Science

Bennu: NASA Knew About Water 1 Month Before OSIRIS-REx Approached Asteroid

"At first we thought, 'Oh no, we messed up something.'"

by Emma Betuel

For two years, scientists have wondered what OSIRIS-REx, the spacecraft that arrived on December 3 at the near-earth asteroid Bennu, might find. On Monday, NASA broke news that all that waiting was worth it: Instruments on the spacecraft confirmed that there’s water on Bennu.

The funny thing is, NASA scientists have actually known about the water for a month — well before OSIRIS even got cozy with the asteroid..

Amy Simon, Ph.D., NASA’s deputy instrument scientist for the OSIRIS-REx visible and near-IR Spectrometer (OVIRS) — one of the instruments that alerted scientists to this new evidence — tells Inverse that the signals from Bennu suggesting evidence of water were so strong that the team thought they’d made a mistake. They chose to sit on the data, checking it carefully, before making their announcement.

"It’s there, it’s everywhere.

Bennu, explains Simon, seems to be replete with hydroxyls (molecules containing hydrogen and oxygen atoms), which are signs that the clay near its surface interacted with water in the past. The team got their first hint about Bennu’s hidden hydroxyls on November 2 at 4:00 am UTC, when Simon’s spectrometer detected something strange: There was evidence of hydroxls on every side of the asteroid, not just in one place.

“At first we thought, ‘Oh no, we messed up something in the instrument, there’s something in there that’s not real,’” Simon tells Inverse. “It took a while to convince ourselves that it’s actually there. When the other spectrometer confirmed it that was the nail in the coffin, so to speak. It’s there, it’s everywhere.”

Simon has been checking her data since then, and alerted the team a NASA several weeks ago. Only on Monday did NASA officially announce the news, ahead of the American Geophysical Union’s Fall Meeting in Washington D.C.

Eventually, OSIRIS will land on Bennu and collect samples

NASA

Exciting as they are, the signals aren’t proof that liquid water pooled on Bennu. It’s far too small for that, Simon explains. Rather, they are evidence that Bennu’s parent body, the larger asteroid from which it broke off, may have contained liquid water in the past. This is very good news for two parts of OSIRIS’ core mission to return samples of Bennu back to Earth for analysis and to illuminate what conditions were like in the early stages of the solar system. Part of Bennu’s appeal is that is has been relatively undisturbed since that period.

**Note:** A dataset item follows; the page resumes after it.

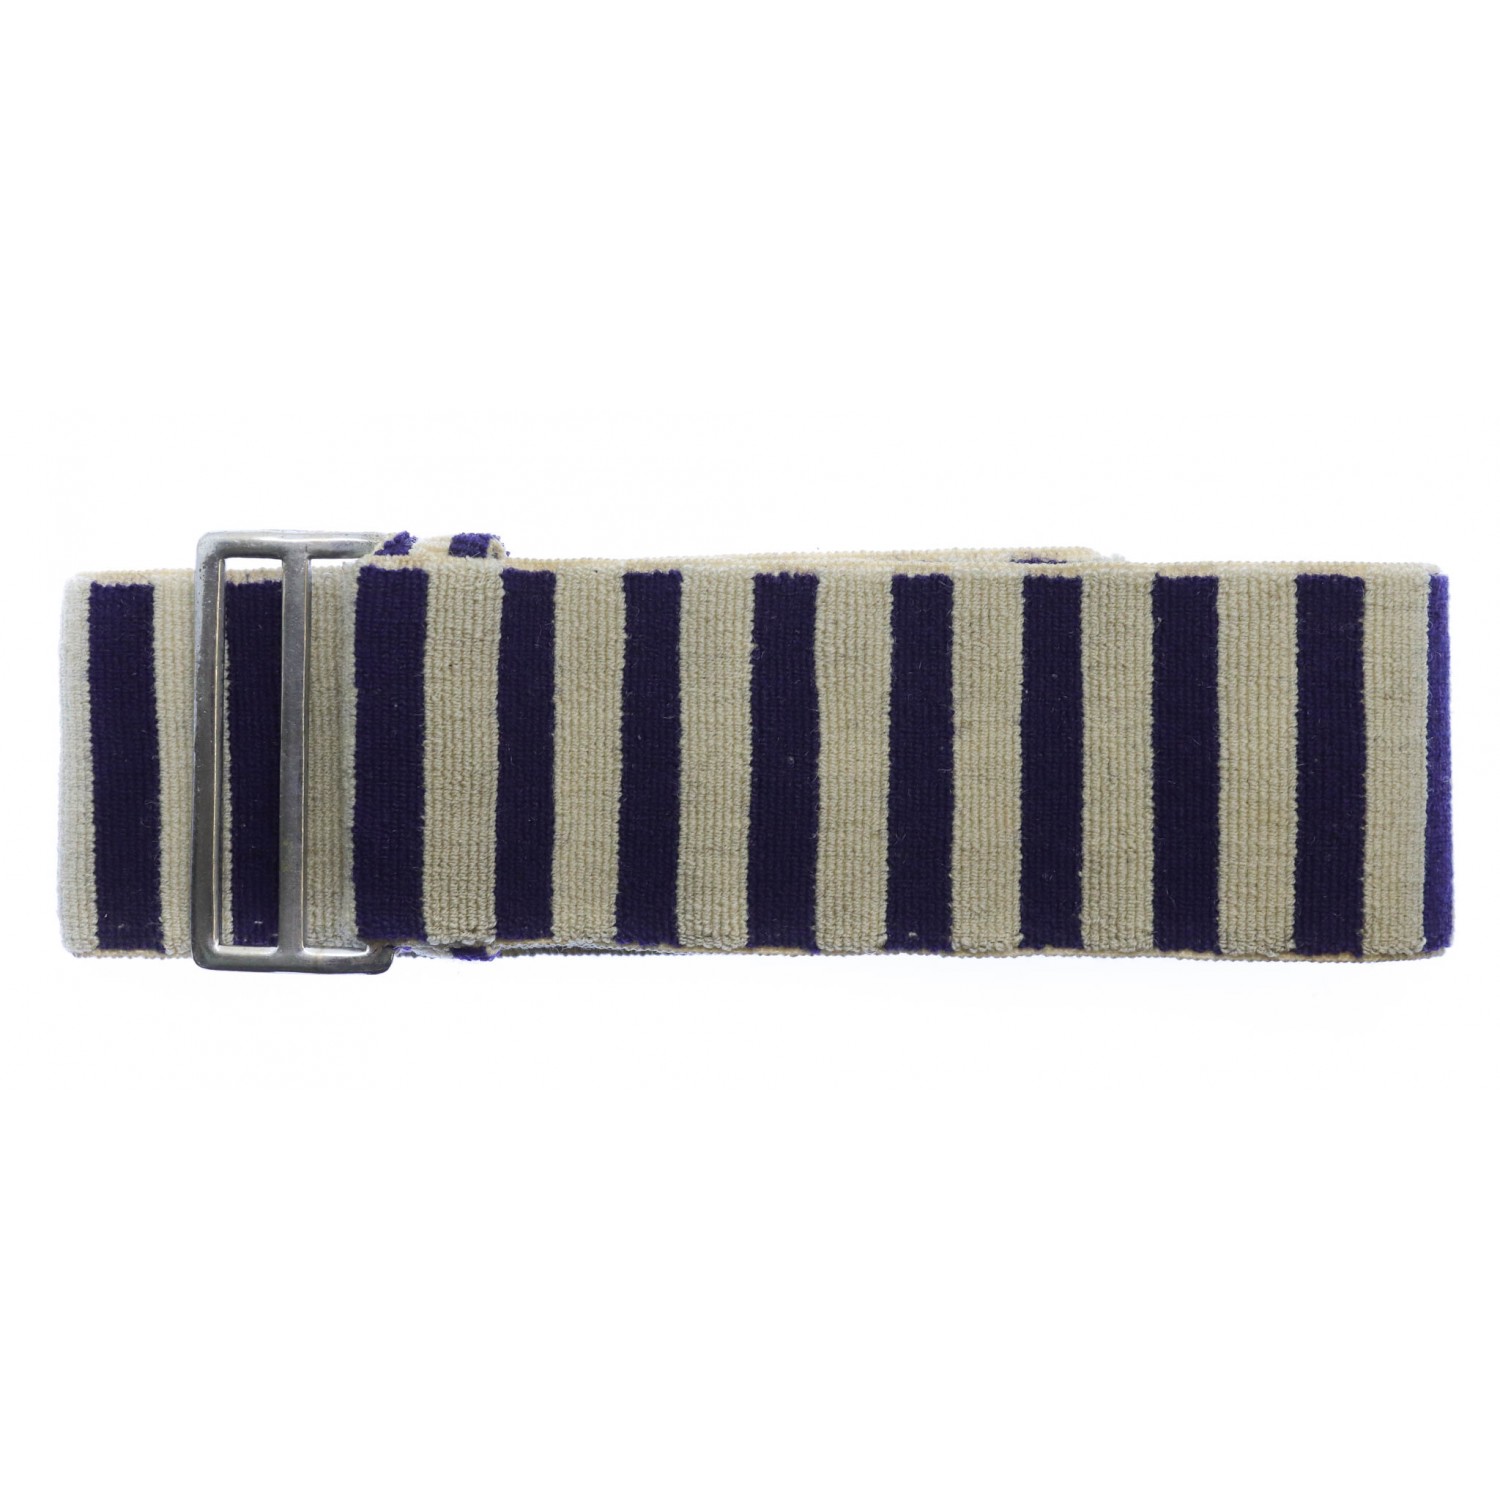 Metropolitan Police Duty Arm Band | Armbänder

“We are seeing the evidence of past liquid, which locks the OH into the mineral structure,” Simon explains, referring to the oxygen and hydrogen atoms in water. If this is the case, she adds, it’s fair to hypothesize that this reaction was happening in other places throughout the early solar system, indicating that there was liquid to be found there.

“The reason that’s important is because we always talk about if meteorites, asteroids, comets could have delivered material to the earth, and so if we find that material is pretty widespread throughout the early solar system then yeah, they probably did deliver it to the early planet” she continues.

"At first we thought, “Oh no, we messed up something in the instrument, there’s something in there that’s not real."

Going forward, this finding also might be important for the next few phases of OSIRIS’ work at Bennu. Since the spacecraft arrived, it has been searching for a safe and scientifically interesting place to land to collect samples, which will be returned to Earth. Doing so is tricky because the most scientifically interesting place might not actually be the safest place to land an expensive piece of equipment.

But since Bennu seems to have many different regions in which OSIRIS can collect these coveted hydrated minerals, NASA might not have to sacrifice safety for science, or vice versa. It’s a good early indicator that OSIRIS may be able to deliver on its promises.